Jitter is defined as a variation in the delay of received packets, as illustrated in Figure 7-1. On the sending side, packets are sent in a continuous stream with the packets spaced evenly. Because of network congestion, improper queuing, or configuration errors, this steady stream can become uneven, because the delay between each packet varies instead of remaining constant.
Figure 7-1. Jitter in IP Networks
When a router receives a VoIP audio stream, it must compensate for the jitter that is encountered. The mechanism that handles this function is the playout delay buffer, or dejitter buffer. The playout delay buffer must buffer these packets and then play them out in a steady stream to the digital signal processors (DSPs) to be converted back to an analog audio stream. The playout delay buffer, however, affects the overall absolute delay.
When a conversation is subjected to jitter, the results can be clearly heard. If the talker says, "Watson, come here. I want you," the listener might hear "Wat....s...on.......come here, I......wa......nt........y......ou." The variable arrival of the packets at the receiving end causes the speech to be delayed and garbled.
Overall or absolute delay can affect VoIP. You might have experienced delay in a telephone conversation with someone on a different continent. The delays can cause entire words in the conversation to be cut off, and can therefore be very frustrating.
When you design a network that transports voice over packet, frame, or cell infrastructures, it is important to understand and account for the predictable delay components in the network. You must also correctly account for all potential delays to ensure that overall network performance is acceptable.
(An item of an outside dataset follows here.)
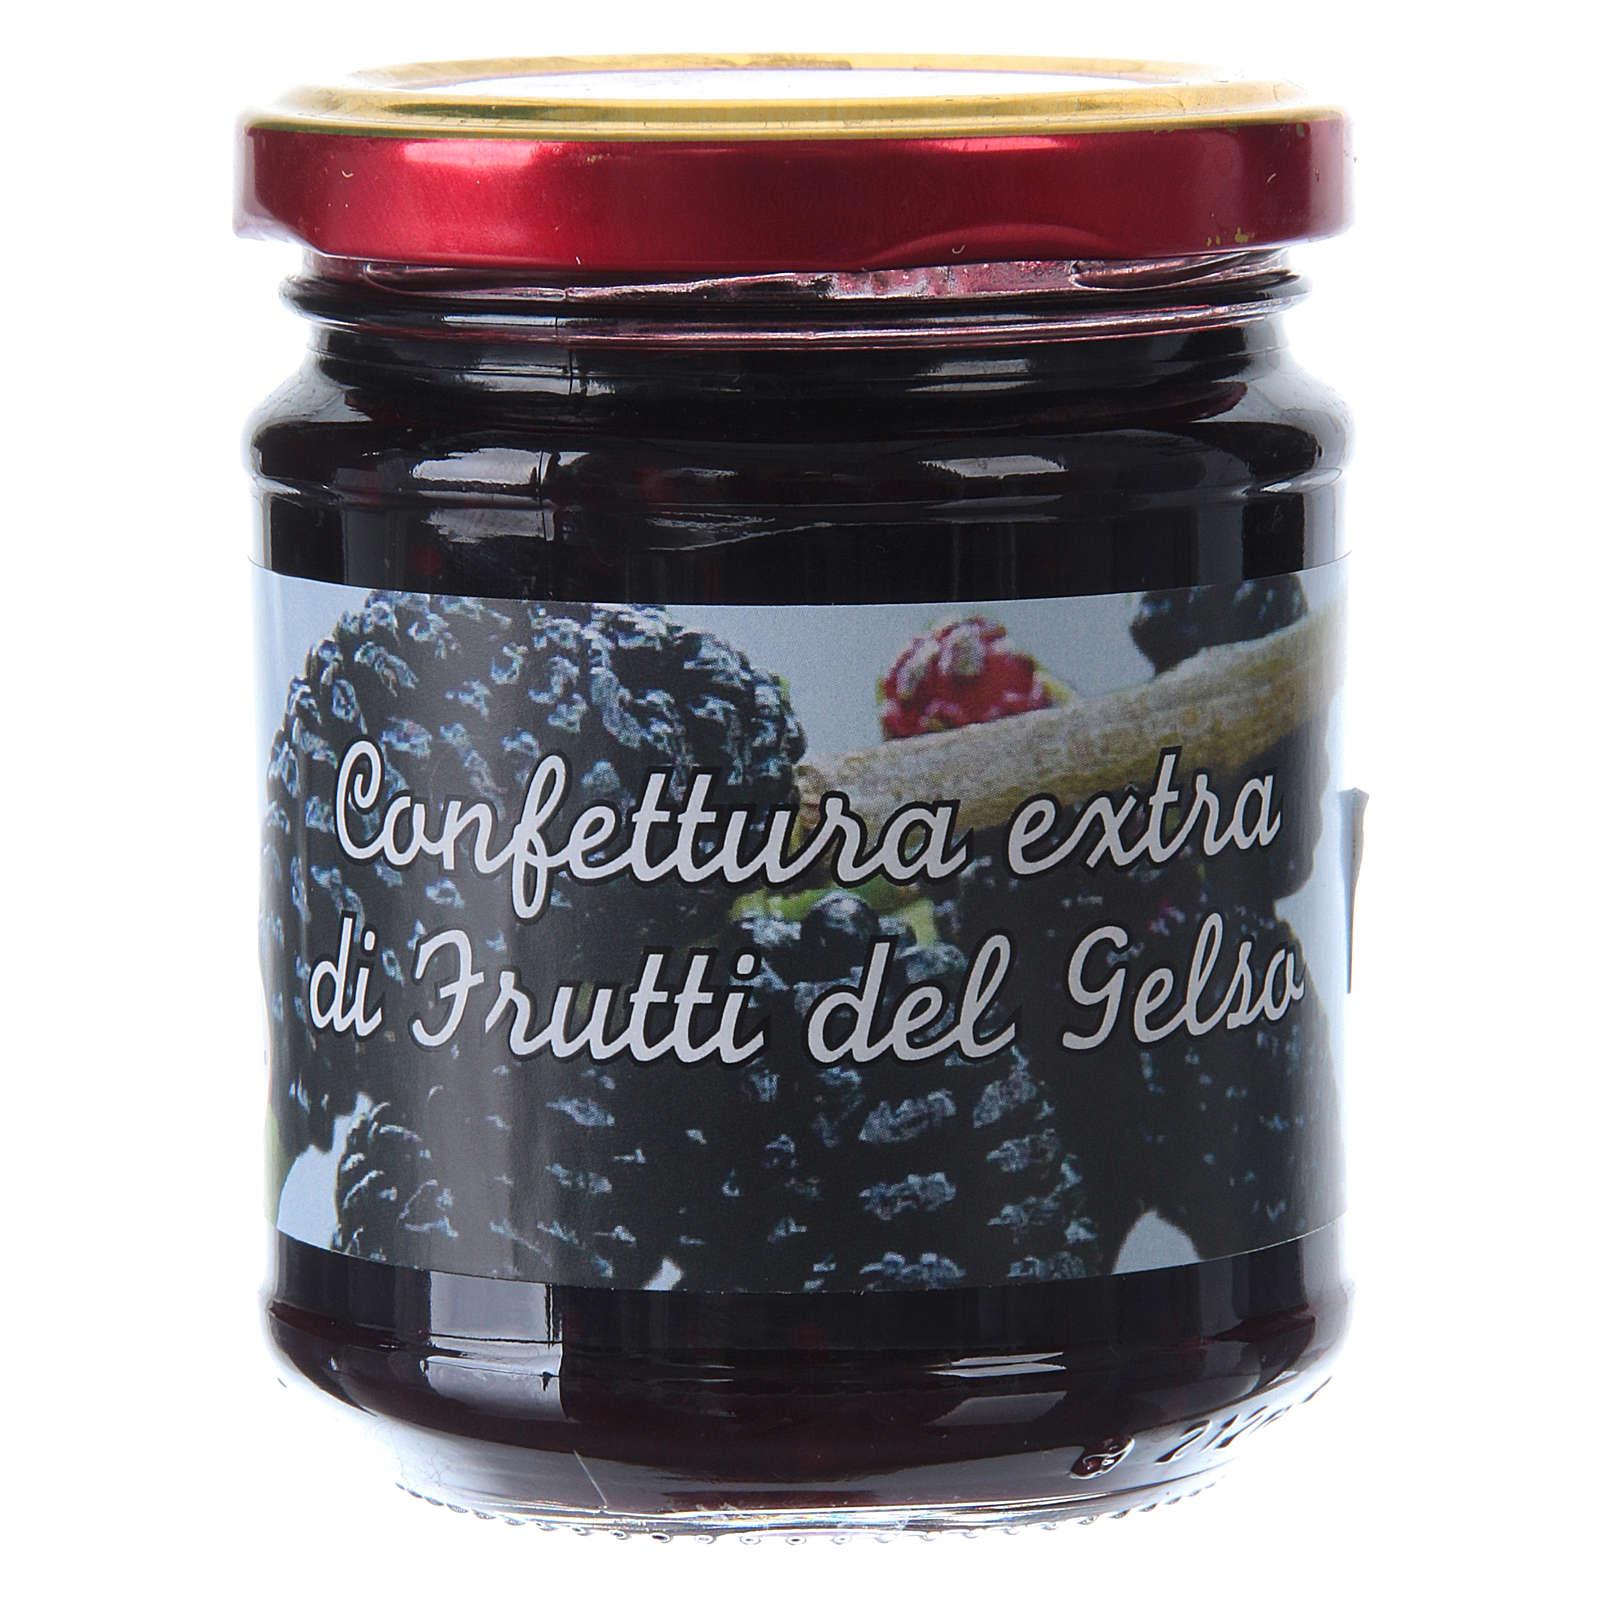 Confettura extra di Frutti del Gelso 220 g  di Sant'Antonio di Padova 3

Overall voice quality is a function of many factors, including the compression algorithm, errors and frame loss, echo cancellation, and delay.
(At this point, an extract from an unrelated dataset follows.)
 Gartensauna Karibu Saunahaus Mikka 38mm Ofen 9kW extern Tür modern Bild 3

Figure 7-2 shows various sources and types of delay. Notice that there are two distinct types of delay:
Figure 7-2. Sources of Delay
The ITU specifies network delay for voice applications in Recommendation G.114. This recommendation defines three bands of one-way delay, as shown in Table 7.1.
This recommendation is for connections where echo is adequately controlled, implying that echo cancellers are used. Echo cancellers are required when one-way delay exceeds 25 ms (G.131).
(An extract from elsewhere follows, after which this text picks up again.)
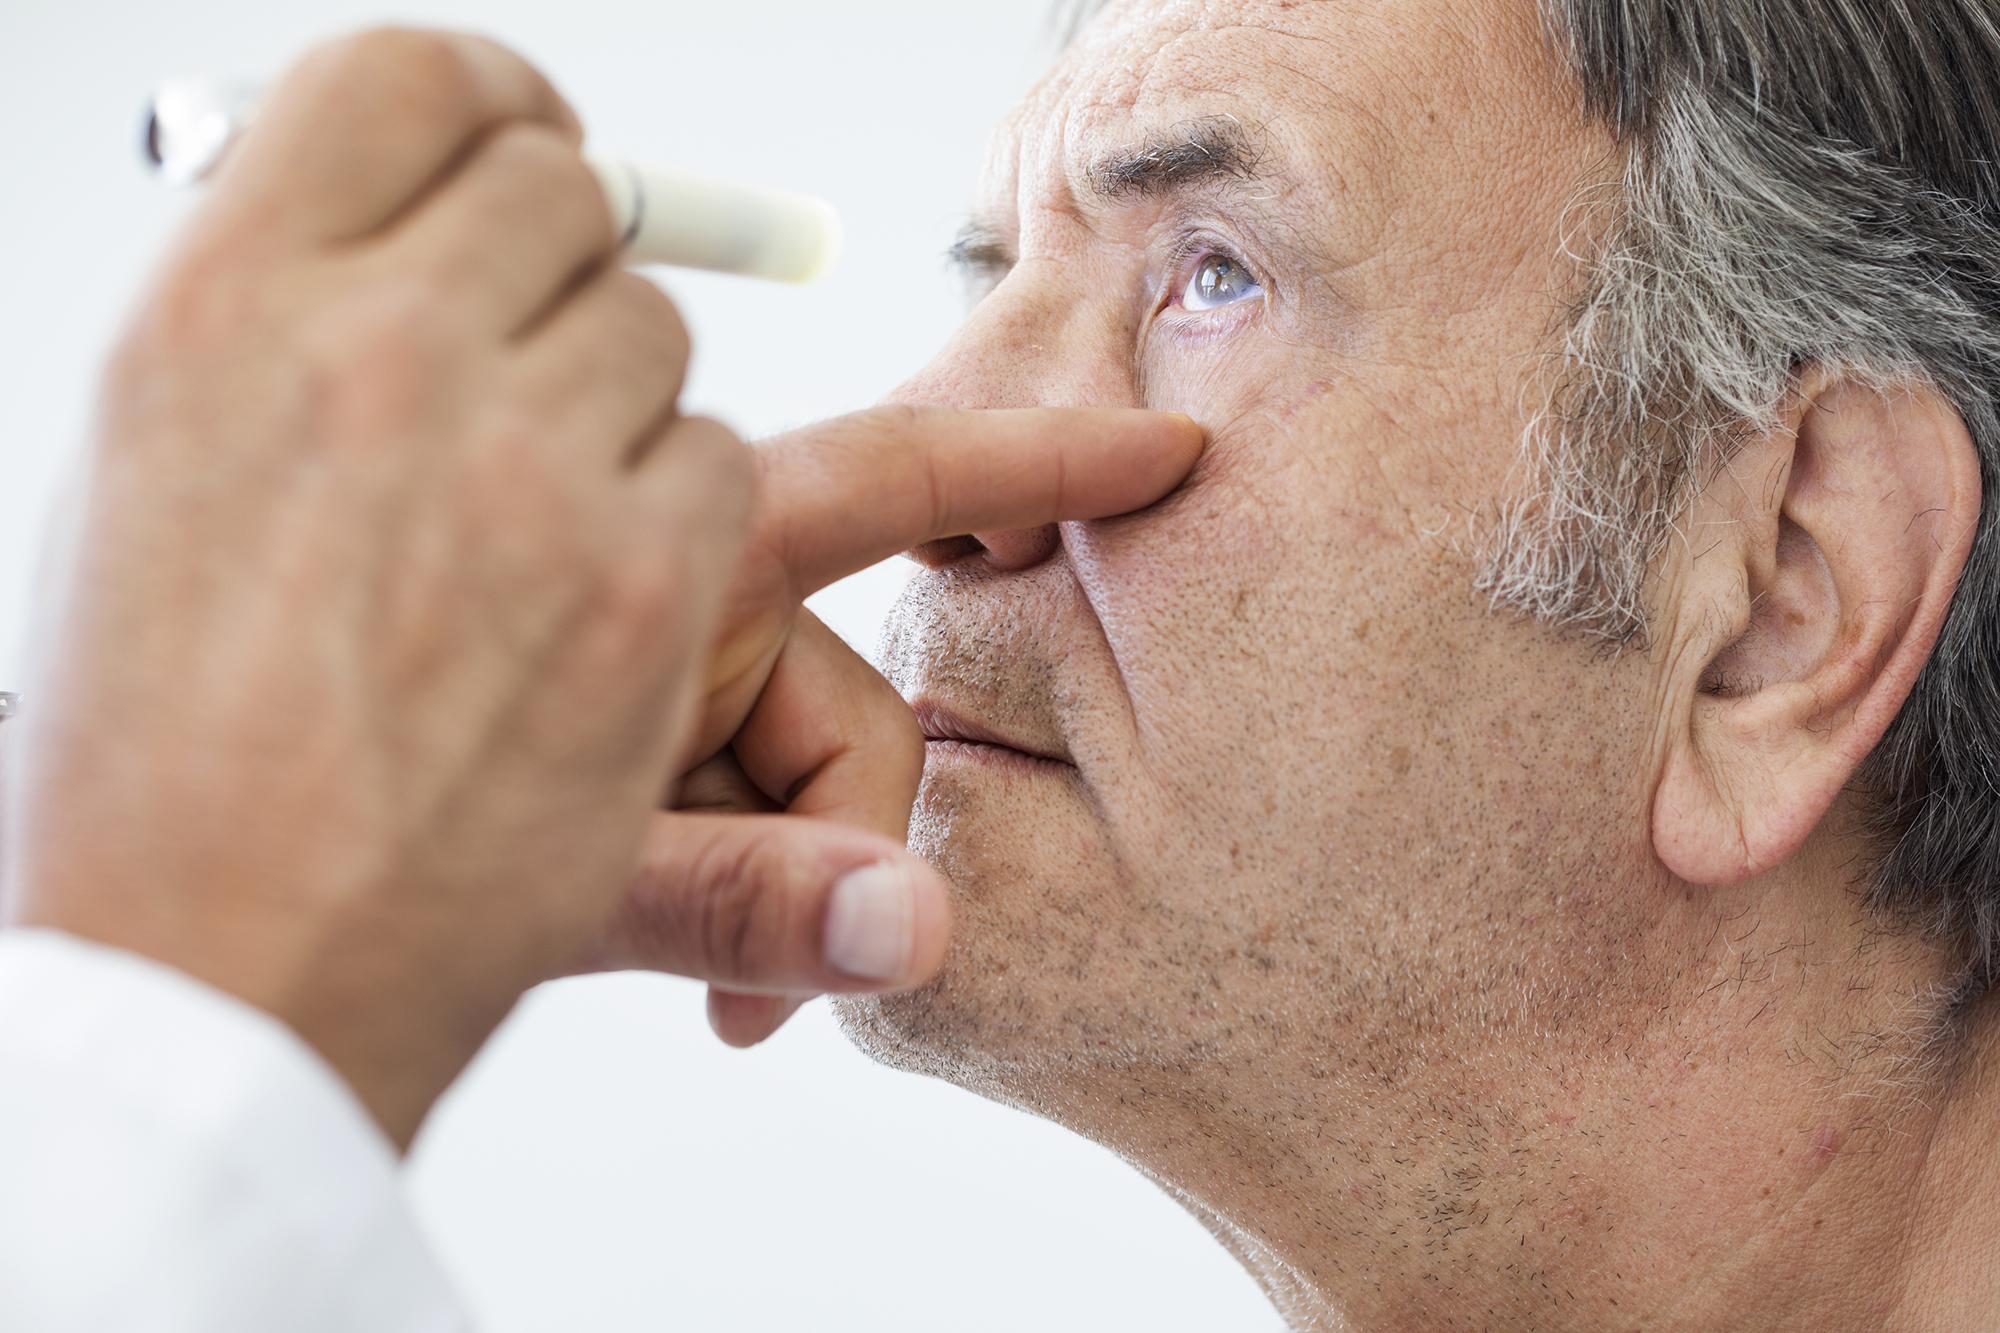 Man receives an eye examination

This G.114 recommendation is oriented toward national telecommunications administrations and therefore is more stringent than recommendations that would normally be applied in private voice networks. When the location and business needs of end users are well known to a network designer, more delay might prove acceptable. For private networks, a 200 ms delay is a reasonable goal and a 250 ms delay is a limit. This goal is what Cisco proposes as reasonable, as long as excessive jitter does not impact voice quality. However, all networks must be engineered so that the maximum expected voice connection delay is known and minimized.
The G.114 recommendation is for one-way delay only and does not account for round-trip delay. Network design engineers must consider both variable and fixed delays in their design. Variable delays include queuing and network delays, while fixed delays include coding, packetization, serialization, and dejitter buffer delays. Table 7.2 provides an example of a delay budget calculation.
Lost data packets, as depicted in Figure 7-3 are recoverable if the endpoints can request retransmission. However, lost voice packets are not recoverable, because the audio must be played out in real time and retransmission is not an option.
Figure 7-3. Packet Loss
Voice packets might be dropped under the following conditions:
Packet loss causes voice clipping and skips. As a result, the listener hears gaps in the conversation. The industry-standard coder-decoder (CODEC) algorithms used in Cisco DSPs correct for 2050 ms of lost voice through the use of Packet Loss Concealment (PLC) algorithms. PLC intelligently analyzes missing packets and generates a reasonable replacement packet to improve the voice quality. Cisco VoIP technology uses 20 ms samples of voice payload per VoIP packet by default. Effective CODEC correction algorithms require that only a single packet can be lost at any given time. If more packets are lost, the listener experiences gaps.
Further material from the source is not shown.